From: Josef Bacik <jbacik@fb.com>
To: Filipe David Borba Manana <fdmanana@gmail.com>,
<linux-btrfs@vger.kernel.org>
Subject: Re: [PATCH] Btrfs: fix tree mod logging
Date: Fri, 13 Dec 2013 15:06:53 -0500 [thread overview]
Message-ID: <52AB68DD.6070508@fb.com> (raw)
In-Reply-To: <1386963698-17766-1-git-send-email-fdmanana@gmail.com>
On 12/13/2013 02:41 PM, Filipe David Borba Manana wrote:
> While running the test btrfs/004 from xfstests in a loop, it failed
> about 1 time out of 20 runs in my desktop. The failure happend in
> the backref walking part of the test, and the test's error message was
> like this:
>
> btrfs/004 93s ... [failed, exit status 1] - output mismatch (see /home/fdmanana/git/hub/xfstests_2/results//btrfs/004.out.bad)

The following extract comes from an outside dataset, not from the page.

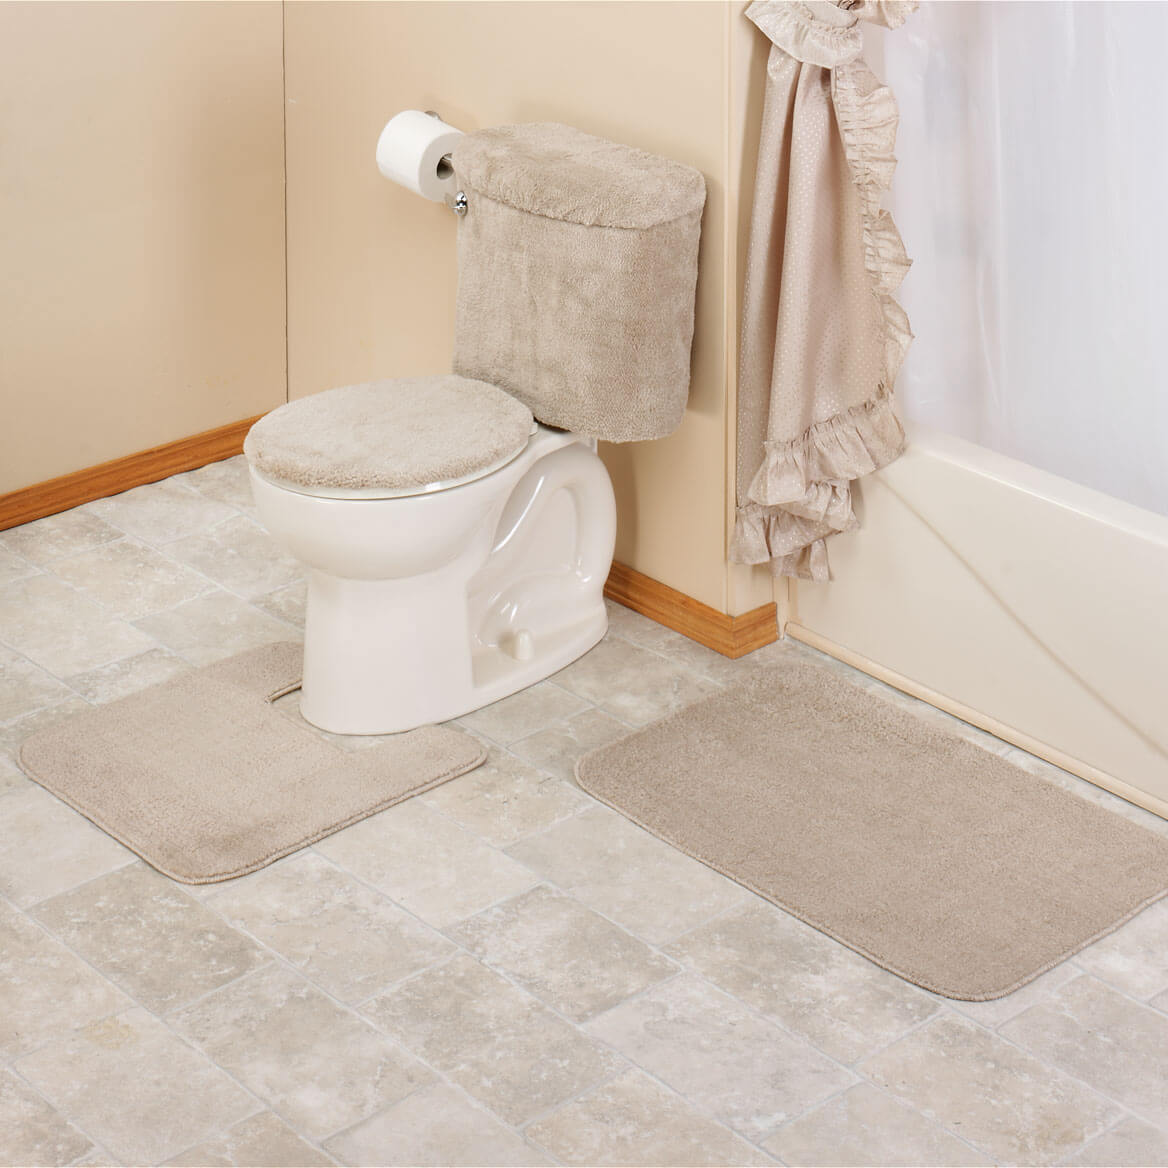 Piece Bath Rug Contour Lid Tank, 5 Piece Bathroom Rug Set

> --- tests/btrfs/004.out 2013-11-26 18:25:29.263333714 +0000
> +++ /home/fdmanana/git/hub/xfstests_2/results//btrfs/004.out.bad 2013-12-10 15:25:10.327518516 +0000
> @@ -1,3 +1,8 @@
> QA output created by 004
> *** test backref walking
> -*** done
> +unexpected output from
> + /home/fdmanana/git/hub/btrfs-progs/btrfs inspect-internal logical-resolve -P 141512704 /home/fdmanana/btrfs-tests/scratch_1
> +expected inum: 405, expected address: 454656, file: /home/fdmanana/btrfs-tests/scratch_1/snap1/p0/d6/d3d/d156/fce, got:
> +
> ...
> (Run 'diff -u tests/btrfs/004.out /home/fdmanana/git/hub/xfstests_2/results//btrfs/004.out.bad' to see the entire diff)
> Ran: btrfs/004
> Failures: btrfs/004
> Failed 1 of 1 tests
>
> But immediately after the test finished, the btrfs inspect-internal command
> returned the expected output:
>
> $ btrfs inspect-internal logical-resolve -P 141512704 /home/fdmanana/btrfs-tests/scratch_1
> inode 405 offset 454656 root 258
> inode 405 offset 454656 root 5
>
> It turned out this was because the btrfs_search_old_slot() calls performed
> during backref walking (backref.c:__resolve_indirect_ref) were not finding
> anything. The reason for this turned out to be that the tree mod logging
> code was not logging some node multi-step operations atomically, therefore
> btrfs_search_old_slot() callers iterated often over an incomplete tree that
> wasn't fully consistent with any tree state from the past. Besides missing
> items, this often (but not always) resulted in -EIO errors during old slot
> searches, reported in dmesg like this:
>
> [ 4299.933936] ------------[ cut here ]------------
> [ 4299.933949] WARNING: CPU: 0 PID: 23190 at fs/btrfs/ctree.c:1343 btrfs_search_old_slot+0x57b/0xab0 [btrfs]()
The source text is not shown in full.